Sally Russo was a standout athlete at Dennis-Yarmouth Regional High School who won field hockey scholarships to the University of Massachusetts in Amherst and, later, Miami University in Ohio.
Sally Russo of South Yarmouth is the author of "While I Was Walking," about living with Lyme disease and her struggle to have it correctly diagnosed. (Staff photo by Kevin Mingora)
But the 27-year-old South Yarmouth resident is the first to say that the playing field was not where she fought her toughest battle.
In 2002, Russo was struck with an illness that baffled doctors, and left her crippled, enduring seizures that lasted up to 22 hours.
She was finally diagnosed with Lyme disease last year and has written a book about her long road to diagnosis and treatment.
''While I Was Walking,'' published by PublishAmerica, is expected to be in bookstores next month, she said.
''I felt somebody has to paint the picture of what Lyme can do to someone's body, especially a young healthy body,'' she said in a telephone interview last week.
Russo became ill after she graduated from Miami University in 2003. She's not sure when her Lyme disease started. Perhaps it was even a rash on her foot in 1997, or one on her arm that an Ohio doctor diagnosed as shingles.
Over the next three months, she had mouth sores, six bladder infections, several sinus infections, joint pain and fatigue - all classic Lyme disease symptoms.
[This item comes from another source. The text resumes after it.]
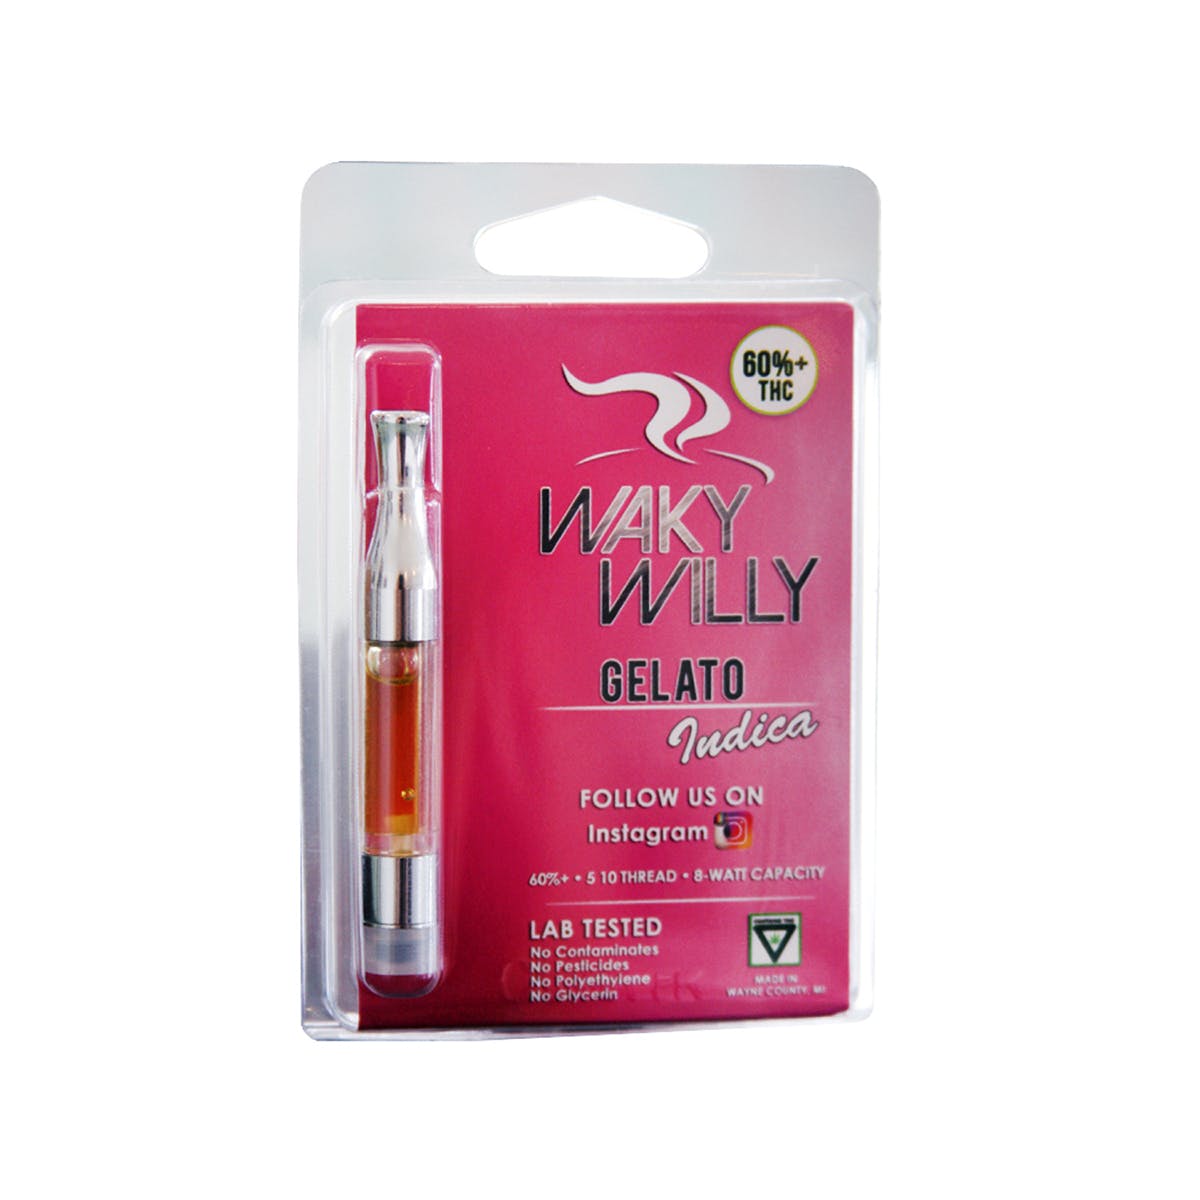 concentrate-gelato-waky-willy-cartridge

''I felt like someone had poured cement through my whole body,'' she said.
But it was a mysterious convulsive disorder that left her disabled and in a wheelchair, she said. After collapsing at work one day, she was taken to Cape Cod Hospital. The diagnosis ranged from lupus, an autoimmune disease, to a muscular disease such as multiple sclerosis.
By Halloween 2004, she could not walk, she said.
Despite a negative Lyme test early on in her illness, Russo's mother, Ruth, argued to have her daughter treated for Lyme, since the disease does not always show up in blood tests.
Finally, in January 2005, confined to a wheelchair and enduring muscle spasms that had become longer and more intense, she turned to Dr. Sam Donta of Falmouth and Boston. He diagnosed Lyme disease and began antibiotic therapy.
But she also went to a movement specialist in Boston, who suspected Parkinson's and prescribed the drug dopamine. Within three weeks, she was walking again. No one could say which medication had done the trick, or which diagnosis was accurate.
In January 2006, she saw a neurologist at Columbia University.
''She called me two weeks later and said, 'You are so loaded with Lyme disease, I can't believe it,''' Russo said. ''It was the best phone call I've ever gotten.''
Russo's athlete's determination has helped her push through her despair, she said. She continues to make progress, and sees a day when she will be able to focus full time on her future as a writer.
''I had this whole life ahead of me, and now I'm fighting through one day at a time.''
*this story makes it sound like Sally's book is totally about her struggle with lyme. The last few chapters deal with her struggles with lyme. She is in our support group and we are seeing slight improvement, tho she has a long way to go.
She's been though so much and we all admire her for her strength and courage.....something I have found to be true for most of us suffering with this nightmare.
Posted by Lioness (Member # 10655) on :
Thanks for posting nan. I will keep an eye out for the book.